Violins Against Children

To the best of my knowledge, there has never been a case of a child actually dying from being forced to take music lessons. (Of course, now that I am committing this to paper I can nearly guarantee that I will soon start receiving a slew of letters all complaining about my lack of sensitivity to the musically injured, starting with the woman whose buck-toothed daughter accidentally inhaled her piccolo and finishing with the guy whose brother drowned when he neglected to clean out the spit valve on his tuba.) Ok then, let me rephrase: freak accidents aside, no child has ever been seriously harmed by practicing a musical instrument. (Ah, but what about the zither, you say? I hear that if you practice a zither with the wrong posture you can end up crippled for life.) Enough already–I’m sticking with my original argument: it ain’t gonna kill you to practice your violin for fifteen minutes a day. Or at least that’s what I tell my children.

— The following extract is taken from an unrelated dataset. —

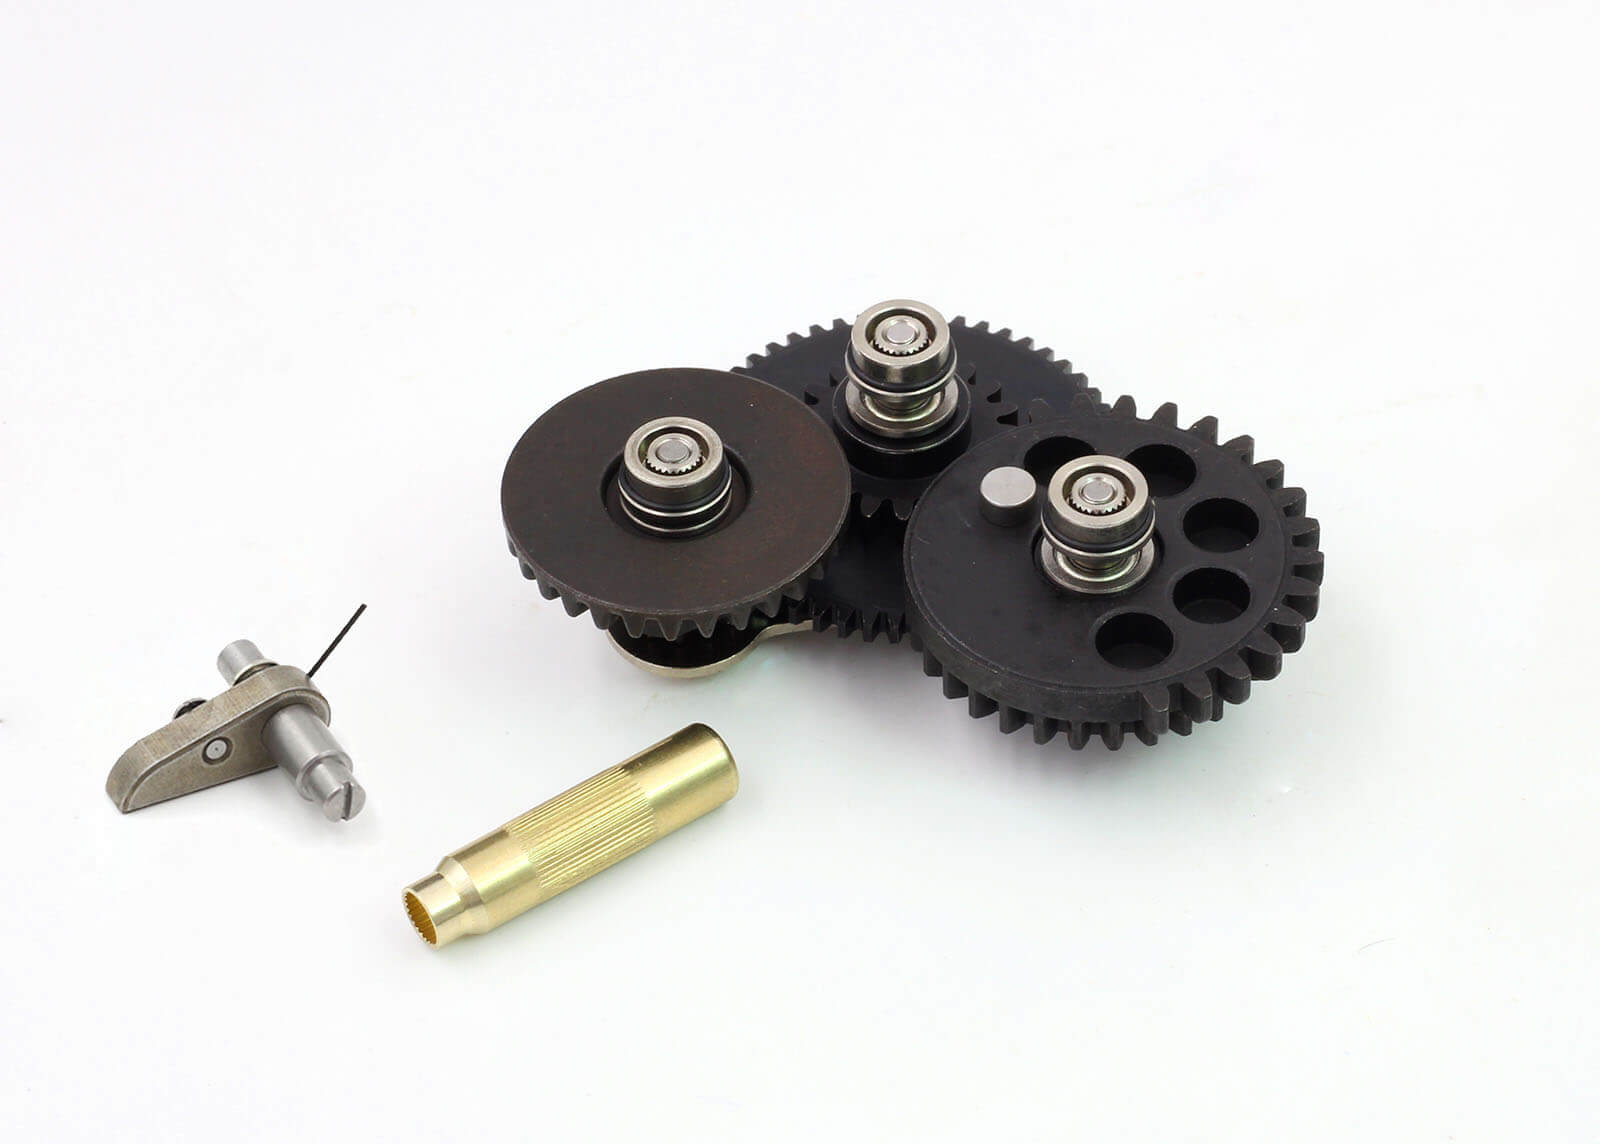 Modular Gear Set - SMOOTH 8mm Ver.2/Ver.3, Torque 21.6:1 + Gear Key - Modify

Between Clementine and Clyde, our family has been taking violin lessons at NAU for the past seven years, which, although it may only be equivalent to 49 years in a dog’s life, is the same as 523 years in the life of a Suzuki mother. This means that according to all methods of calculation I should now be dead 10 times over, or at the very least be leading a shadow existence as a head in a jar somewhere. Somehow, though, life goes on.

It hasn’t always been easy (actually, it hasn’t ever been easy). Fortunately, however, with Clementine I got to experience the very worst of it at the very first of it: how well I remember the sight of a cute little four-year-old Clementine lying on the floor with her tiny little violin, pathetically clutching her head and moaning, “I wish I was dead! At least then I wouldn’t have to play the violin anymore.” Compared to that, Clyde’s feeble little protests (“I don’t remember signing up for this”) are almost charming.

And it hasn’t always been rewarding, either. Although, ever since we allowed her to give up on the classical pieces entirely and concentrate on fiddle tunes Clementine has begun to make excellent progress, back when she was still in the structured world of Suzuki we despaired of her ever advancing at all. In fact, I was convinced that she was destined to become the oldest living Book 1 student of all time. (As her fellow classmates grew up and moved on to Books 2, 3, 4 and even 5, and as their places were filled by a series of comparatively younger replacements, I felt as if I was seeing a real life version of Dazed and Confused, with Clementine in the Matthew McConnaughey role–“That’s what I love about these Book One kids, man. I get older and they stay the same age.”)

Many people (my husband first and foremost among them) have asked me why, since we obviously have no shortage of other stressors to fill our life, I insist on adding music lessons into the mix. To them I always reply that there was once a time (not that very long ago, actually), when people didn’t consider a person to be truly educated unless they had learned at least the basics of music–something that I still believe to be true.

And then, of course, there is something to be said for bowing to the inevitable: after all, what are the chances of a 4-year-old who melodramatically wishes for death developing into anything other than a 14-year-old who broods over the pointlessness of life as we know it? At least this way when the time comes (and it will) for Clementine to write morose little emo songs about broken hearts and dying, she’ll know exactly which key to write them in.